Interesting changes to point out:

If condition based on the function name passed to our Lambda from Bedrock
Use of environment variables instead of hardcoding our Google Search API key and Custom Search Engine ID
Truncate the response for both google_search and scrape functions due to Lambda/Bedrock quota limits
Added some edge cases & error handling

Let's test it!

Now that we are dealing with API keys as env variables we should pass them in to docker at run time:



docker build --platform linux/amd64 -t bedrock-scraper:latest .
docker run -e GOOGLE_SEARCH_KEY=YOUR_SEARCH_KEY -e GOOGLE_SEARCH_CX=YOUR_CX_ID --platform linux/amd64 -p 9000:8080 bedrock-scraper:latest

Example cURL to test



curl "http://localhost:9000/2015-03-31/functions/function/invocations" -d '{"function":"google_search", "parameters":[{"name":"query","value":"safest cities in USA"}]}'

My output



{"messageVersion":"1.0","response":{"actionGroup":"","function":"google_search","functionResponse":{"responseBody":{"TEXT":{"body":"{\"results\":[{\"title\":\"The 10 Safest Cities in America | Best States | U.S. News\",\"link\":\"https://www.usnews.com/news/cities/slideshows/safest-cities-in-america\"}...

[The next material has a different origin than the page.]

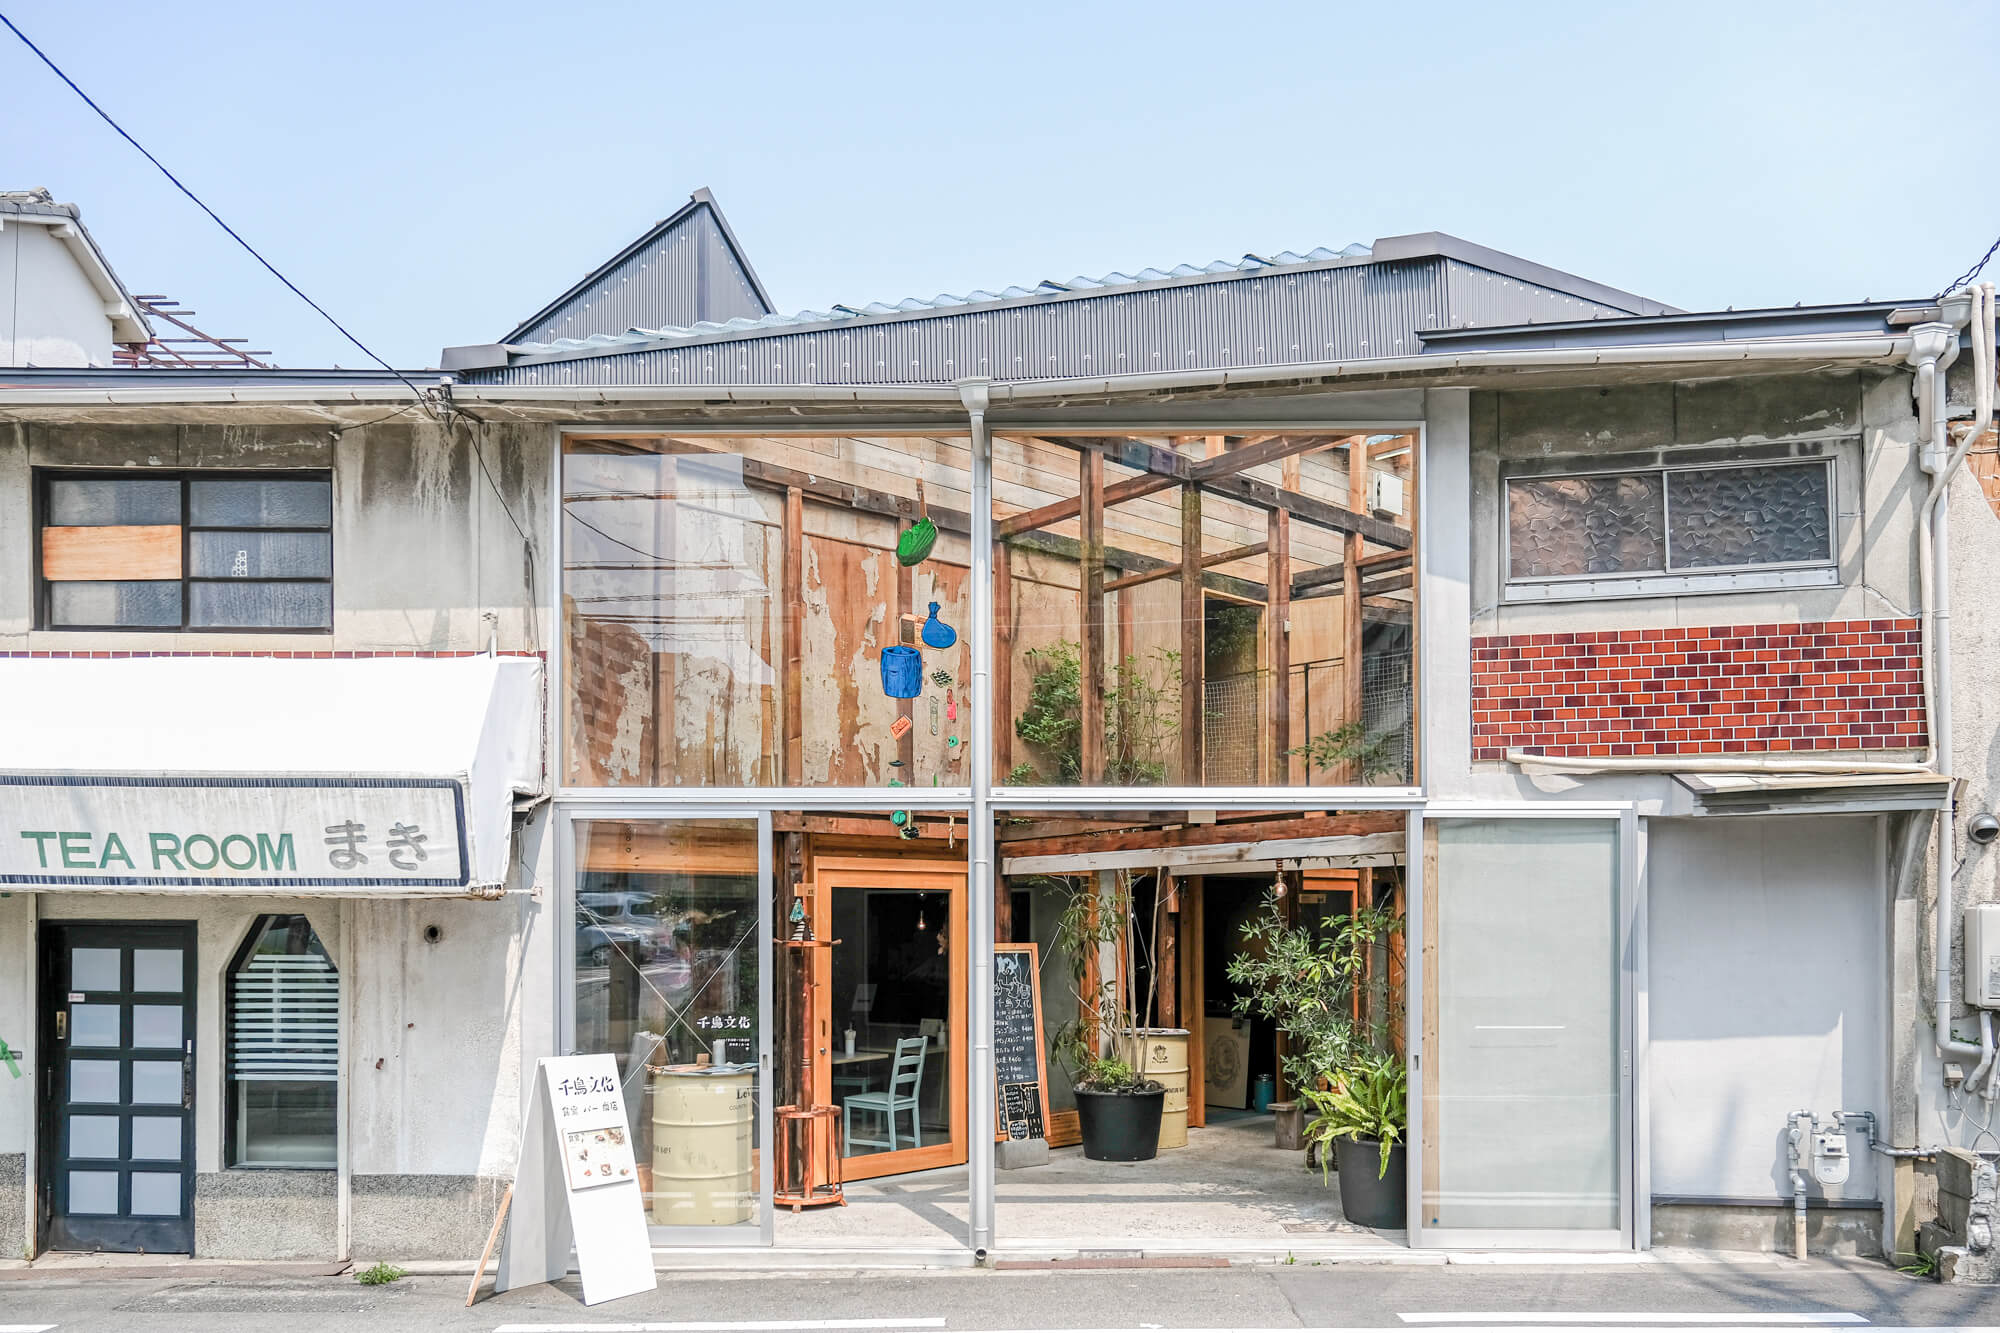 北加賀屋の60年前の住宅が大変身 余白を残したリノベーションが人と人の交流を作る 北加賀屋 千鳥文化 クリエイティブな旅を作るメディア Neo Osaka

Perfect! Now let's deploy to Lambda so we can start using these functions.

Deploy Lambda Function

Before connecting to Bedrock, we'll need to deploy our lambda function. To do this, we can continue with the AWS documentation for "Deploying the Image".

Start by creating an ECR repository and pushing our image to it.
(Be sure to replace 111122223333 and us-east-1 with your account ID and region)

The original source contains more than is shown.